How much of it’s true? That’s the number one question I get about my books. It’s an honest one, and I will give an honest answer, especially since most of my fiction is set in the hilltowns of rural Western Massachusetts, where I’ve spent a good deal of my life. That includes my latest mystery, Working the Beat.
Yes, I have been inspired by the people and places I know, in particular Worthington, Massachusetts, where my family and I lived for twenty-five years. (After that I moved to New Mexico for eleven years and returned four years ago to another town.)
Isabel lives in a town called Conwell, a name that has a connection to Worthington. But is it really Worthington? No.
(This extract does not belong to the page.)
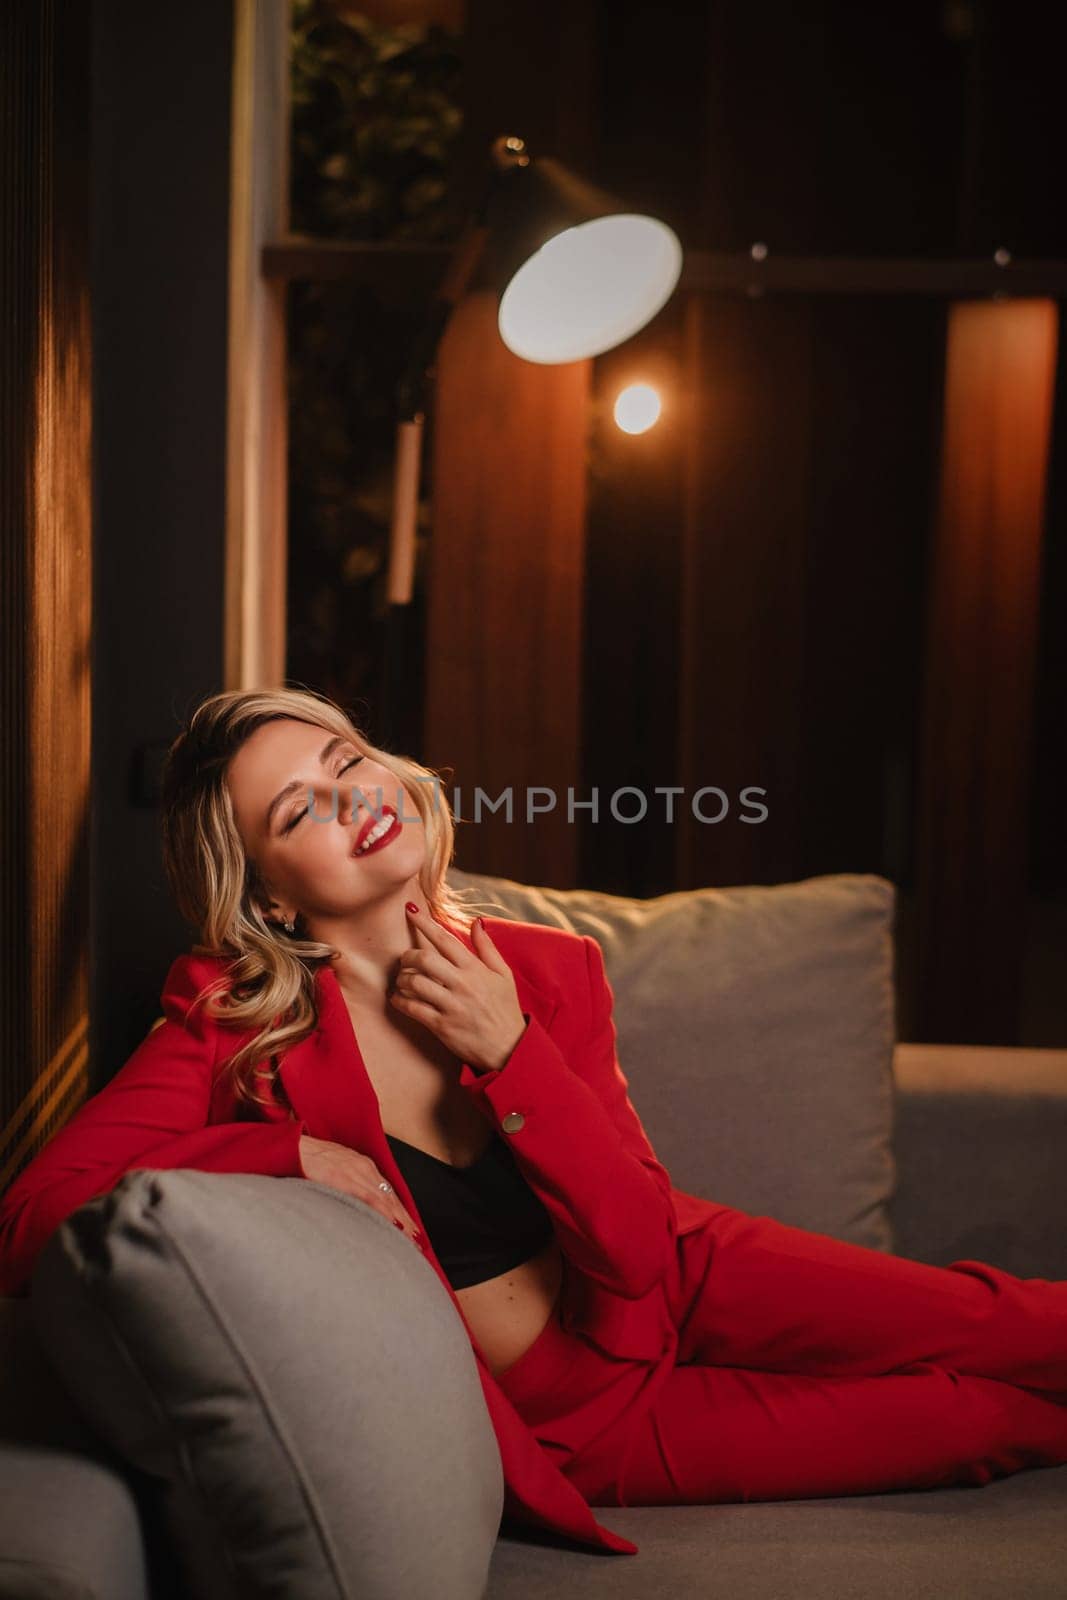 a beautiful girl dressed in a red formal suit posing in a modern interior by Lobachad

I will admit there is a lot of me in the protagonist Isabel Long. The mystery is written in the first person, so I couldn’t help myself there. We’re both nosy, sassy women. But she’s a widow and I’m not. She has three kids and I have six. She got canned when her newspaper went corporate. I didn’t. On Feb. 4, I will be leaving the newspaper biz for good, but I won’t become an amateur P.I. as she did. Frankly, I am not that brave.
As for the other characters, I do model Isabel’s 93-year-old mother, her “Watson,” after my own mystery-loving mom. (She was amused.) But my mother doesn’t live with me. Isabel’s three kids are inspired by a few of my own. Yeah, there’s a lot of my own spouse in Isabel’s late husband, Sam. A funny aside, people will joke that they’re surprised Hank is really alive. I joke back I only bumped him off in my book.
But the rest of the characters — including the gossipy men in the general store’s back room to the clients at the bar where Isabel works part-time, to Jack, the bar’s owner — are made up. I repeat they are made up.
As a humorous aside, I’ve had people who know me personally try to guess who could be who in this series. Sorry, no.
I once had a New York agent who wanted me to write a tell-all nonfiction book about my life Worthington — something on the order of Peyton Place. He read the first couple of chapters and wanted a whole lot more dirt. But I couldn’t do it. I loved the people and the town too much.
So instead I write fiction. I use what I’ve experienced, as I’ve said many times before, and have my way with it. I believe this is true of many or most fiction writers.
But I’d like to think I write with enough authenticity that one could believe it happened. The same goes for Working the Beat.